Is this a valid bijection from this set of permutations to the set of bracket nestings of order $n$?

Question

I'm trying to prove that the set of permutations of $[n]$ which do not contain a decreasing subsequence of order $\geq 3$ is equal to the $n^{th}$ Catalan Number. One of the many things that the Catalan Numbers count is the set of valid parentheses of order $n$, so for example $$()()\text{ and }(())$$ are the valid parentheses (or bracket nestings) of order $2$, equal to the $2^{\text{nd}}$ Catalan Number, $2$. Here is an attempted bijection I've tried:

• Write the permutation down in its normal form, ie. $$1324$$
• If an element is not the first element of any decreasing subsequence, parenthesize it. $$(1)3(2)(4)$$
• Parenthesize the decreasing subsequence (in case an element is part of more than one, then the longest). $$(1)(3(2))(4)$$
• Remove the elements to obtain $$1324\mapsto()(())()$$

I've tried this for the permutations of order $3$, and seems to work:

$$123\mapsto()()()$$ $$132\mapsto()(())$$ $$213\mapsto(())()$$ $$231\mapsto((()))$$ $$312\mapsto(()())$$

If this bijection is valid, then my initial proposition is proven.

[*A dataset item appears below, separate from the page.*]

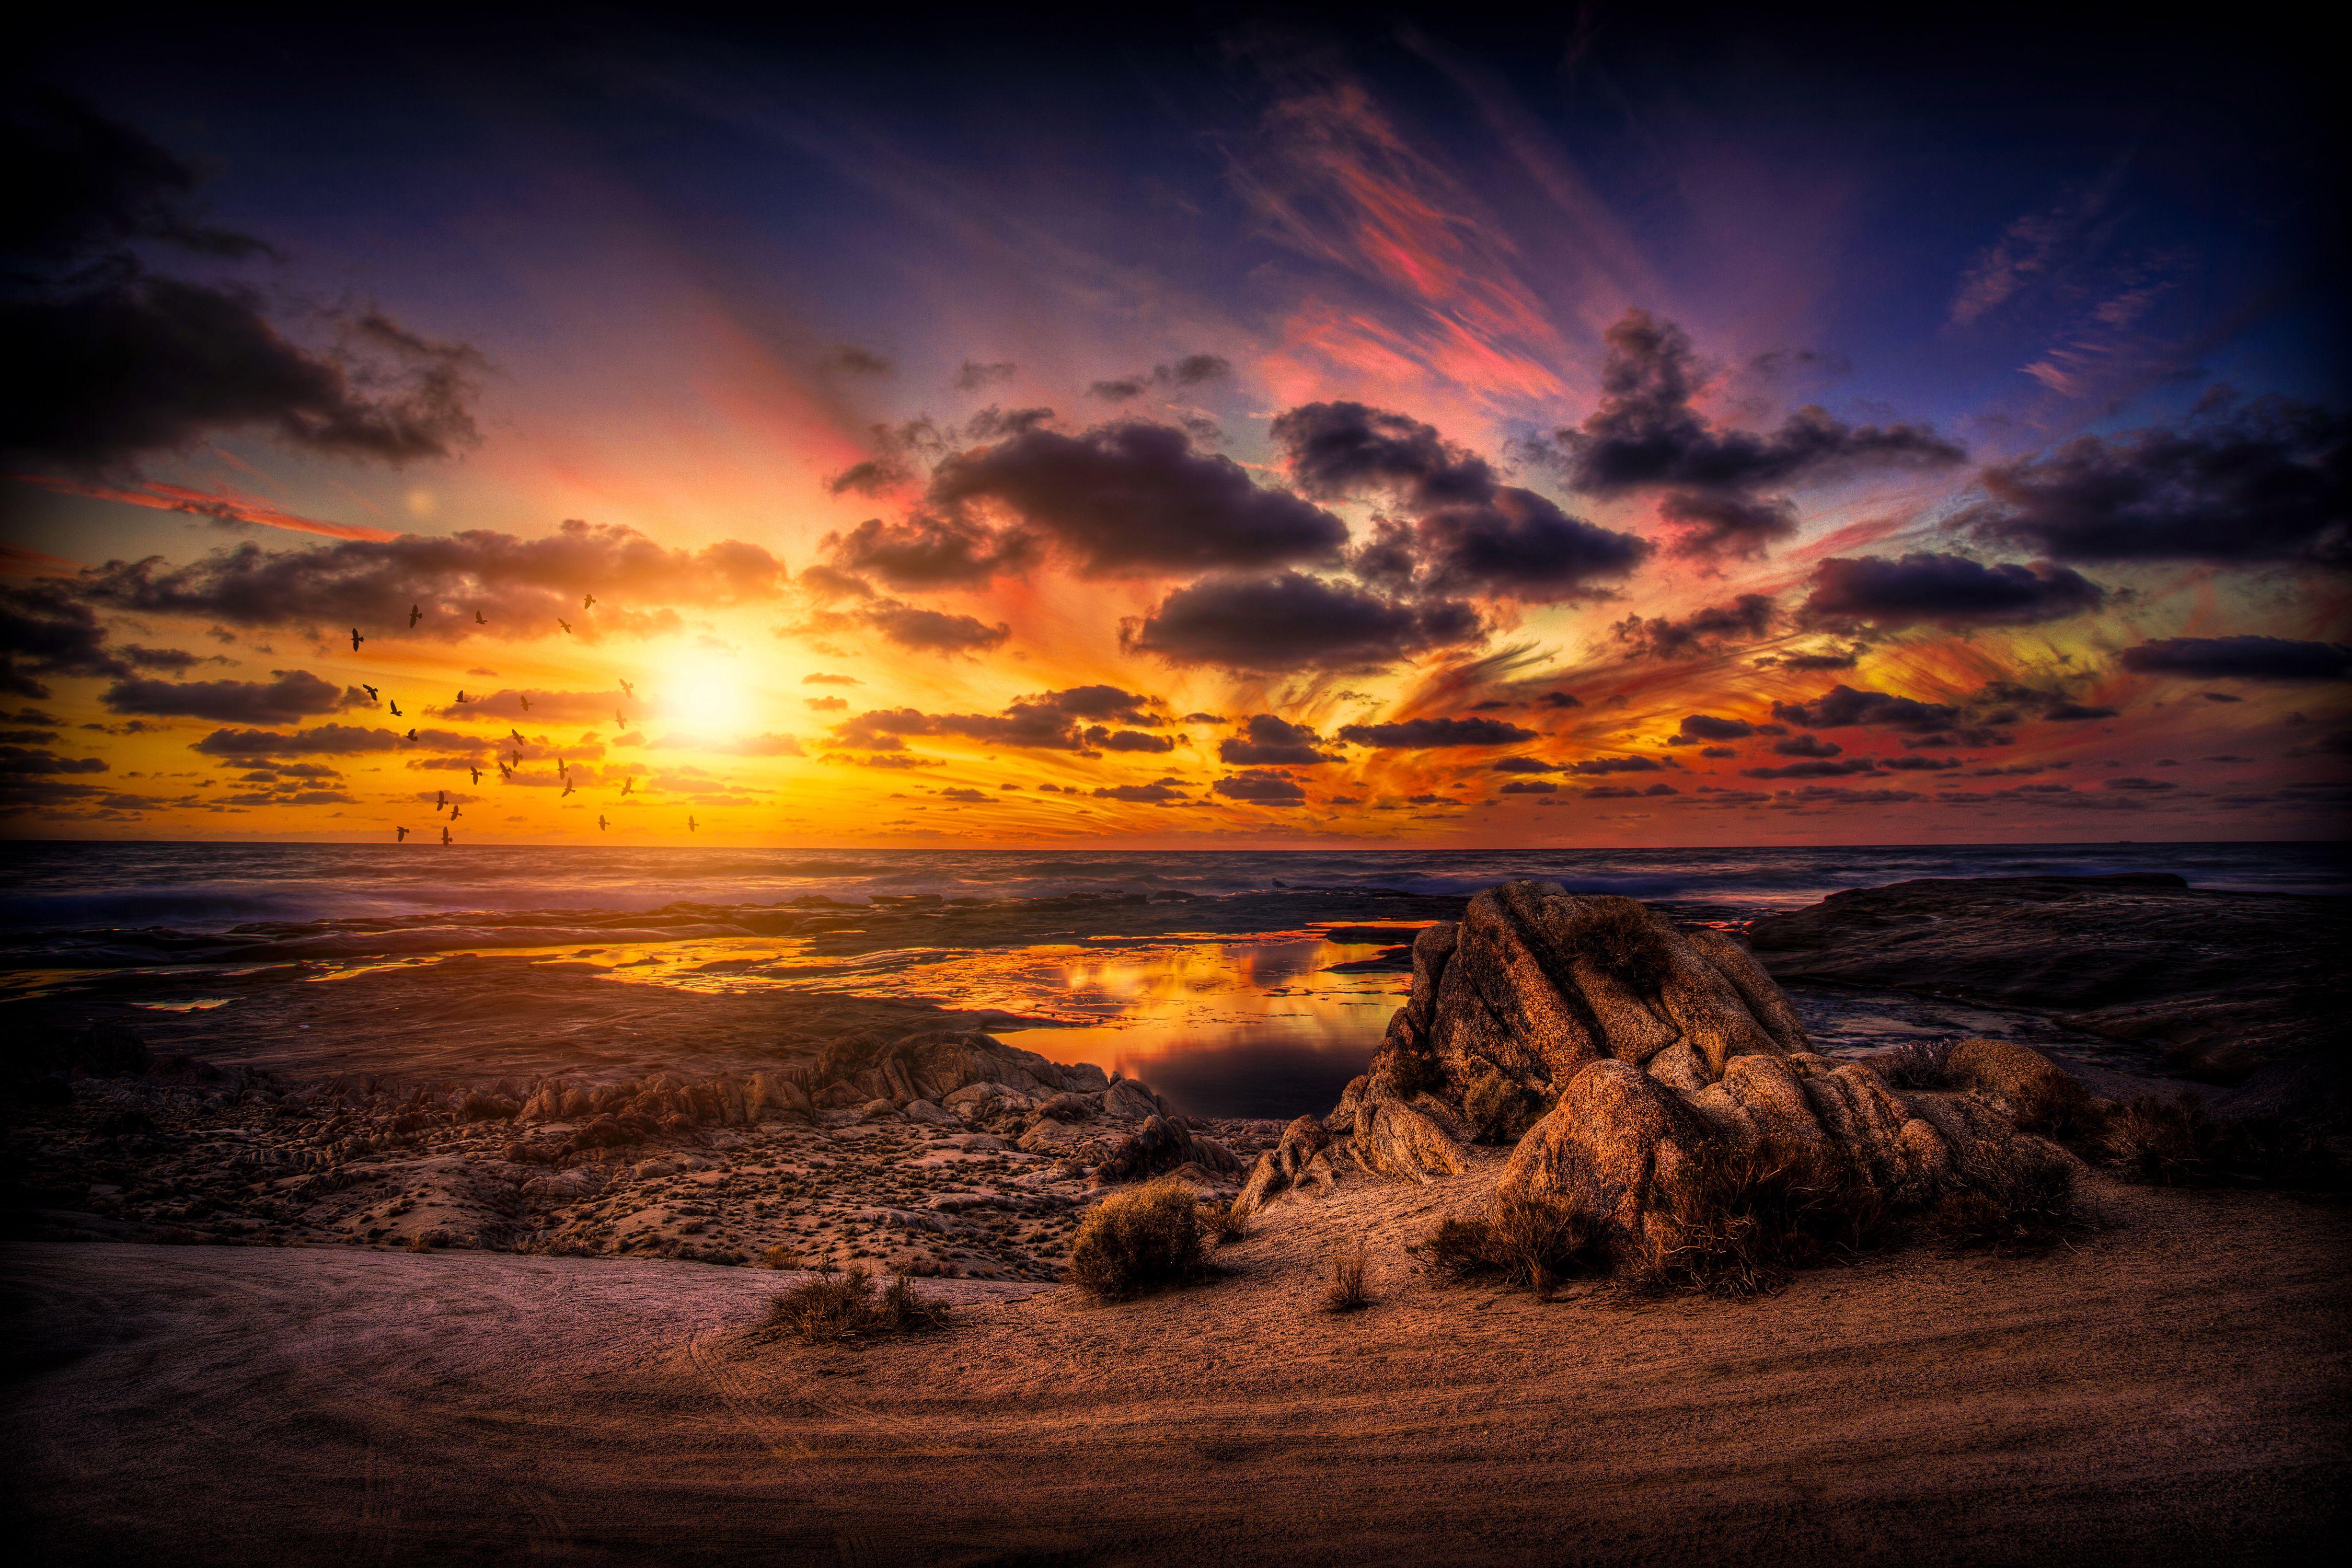 Beautiful sunset 😎 sunset vacation travel cooldown
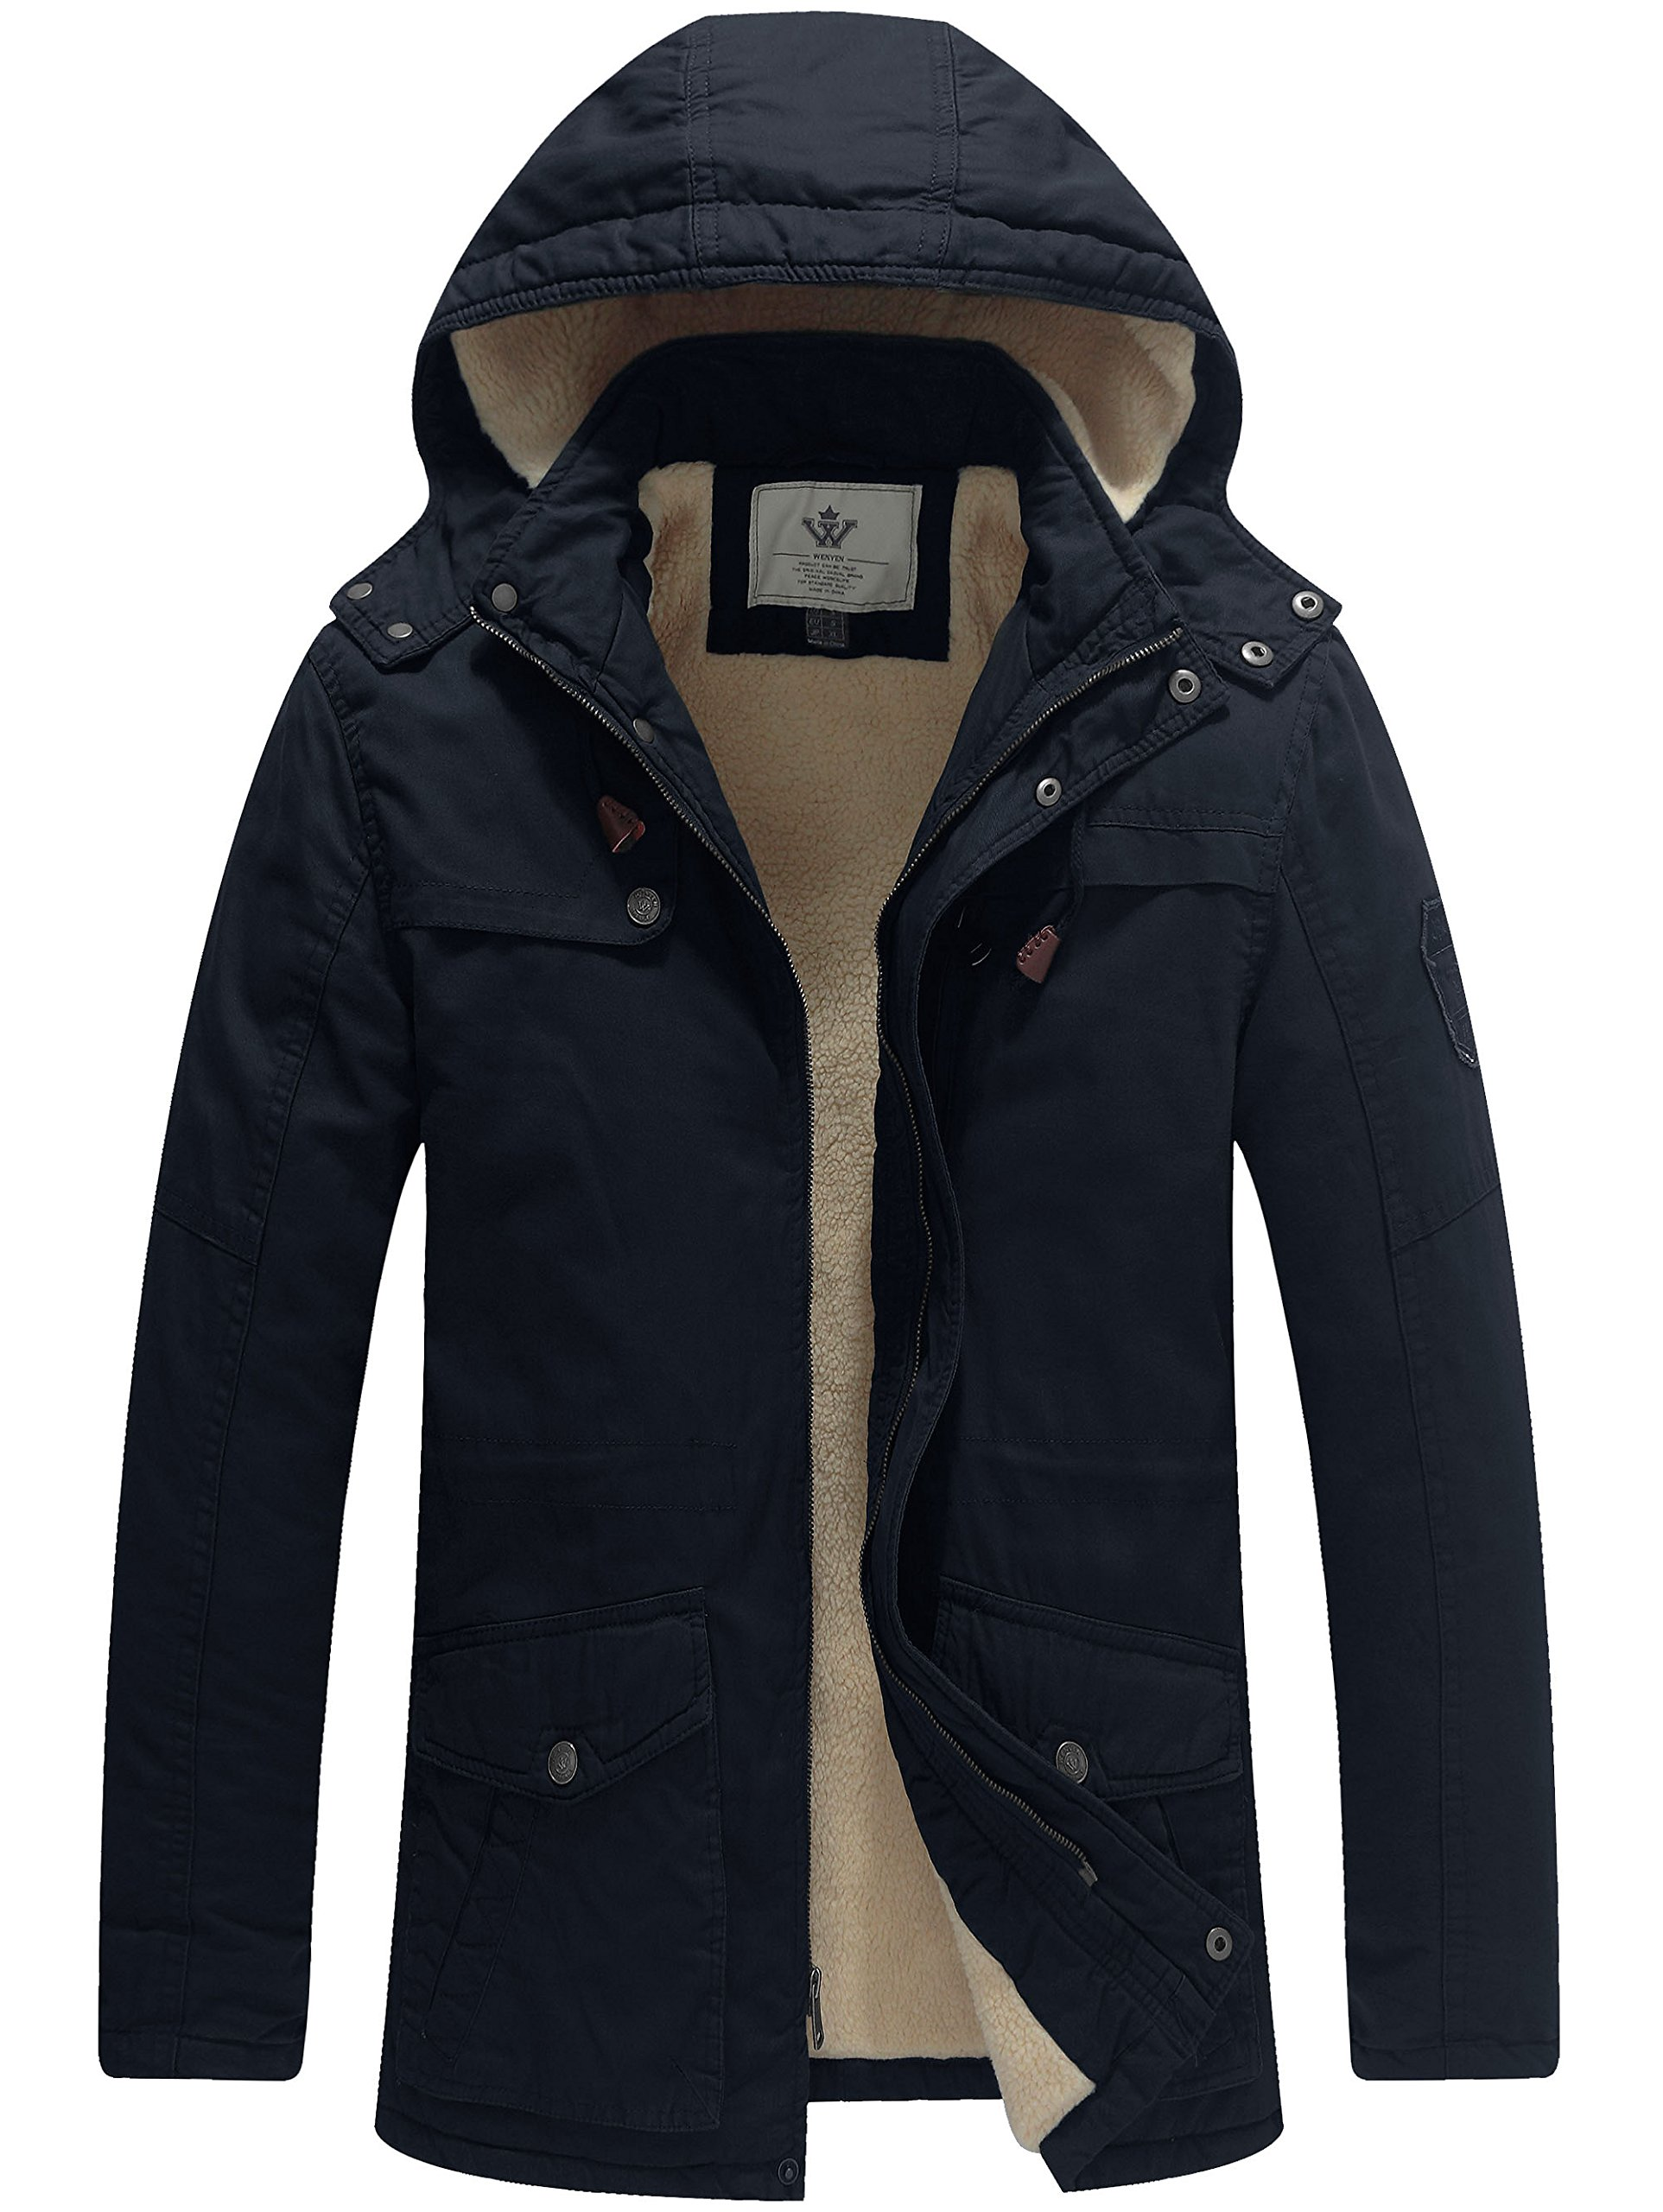 WenVen Men's Winter Washed Cotton Sherpa Lined Parka Jacket(Navy,Large) by WenVen

Is this a valid bijection?

EDIT: It also works for $n=4$. Could the proof of bijection follow from the uniqueness of the transposition decomposition?

Answer 1

Well, you've defined the forward map from permutations of $n$ with no decreasing sequences of length $>3$, and it's relatively easy to see that always works. So all that's left is to define the reverse mapping and see that that always works in order to prove a bijection.

In any valid string, one of two things must be true:

1. The string can be split into two or more substrings, such that each substring is a valid string. (Ie. there are the same number of opening and closing brackets within each substring.)
2. The string is of the form (substring). (That is, there's a pair of brackets which surround a valid substring.)

Proof: Read along the string and keep a running tally of the function #left brackets - #right brackets. If it's ever zero before the end of the substring, case 1 is true. Otherwise, it must always be $\ge1$ (by definition, it can't be $<0$.) So, it is always wrapped in a set of parentheses which are never escaped from the entire length of the string, and case 2 is true. $\square$

We can use this to solve the problem recursively. In each case:

1. The string splits into 2 substrings, and every element in the left substring must be less than every element in the right substring, otherwise there would be a bracket that wouldn't close, and it wouldn't be a valid substring. (If it split into $n$ substrings, then each substring would contain numbers greater than all the substrings that came before, and less than all the substrings that came after.)
2. There is a pair of brackets surrounding a valid substring - this implies the first element is greater than the last. Further, they must be consecutive, since if the sequence $[a,b,c,...,i]$ had another number $k$ such that $a>k>i$, then that would be a decreasing sequence of length $3$, which is forbidden. From there, you can strip the sequence of its outer brackets, which is equivalent to solving the string without it's first element. Your result will look like $[b,c,...,i]$ - from there, take every element of your list that's $>i$, and add 1 to it, and prepend the string with $i+1$, which solves your original string.

That second case took a lot more thought than I expected to to make sure it worked correctly, and I'm not sure I explained it well. Still, I enjoyed the brain teaser. Thanks for asking this.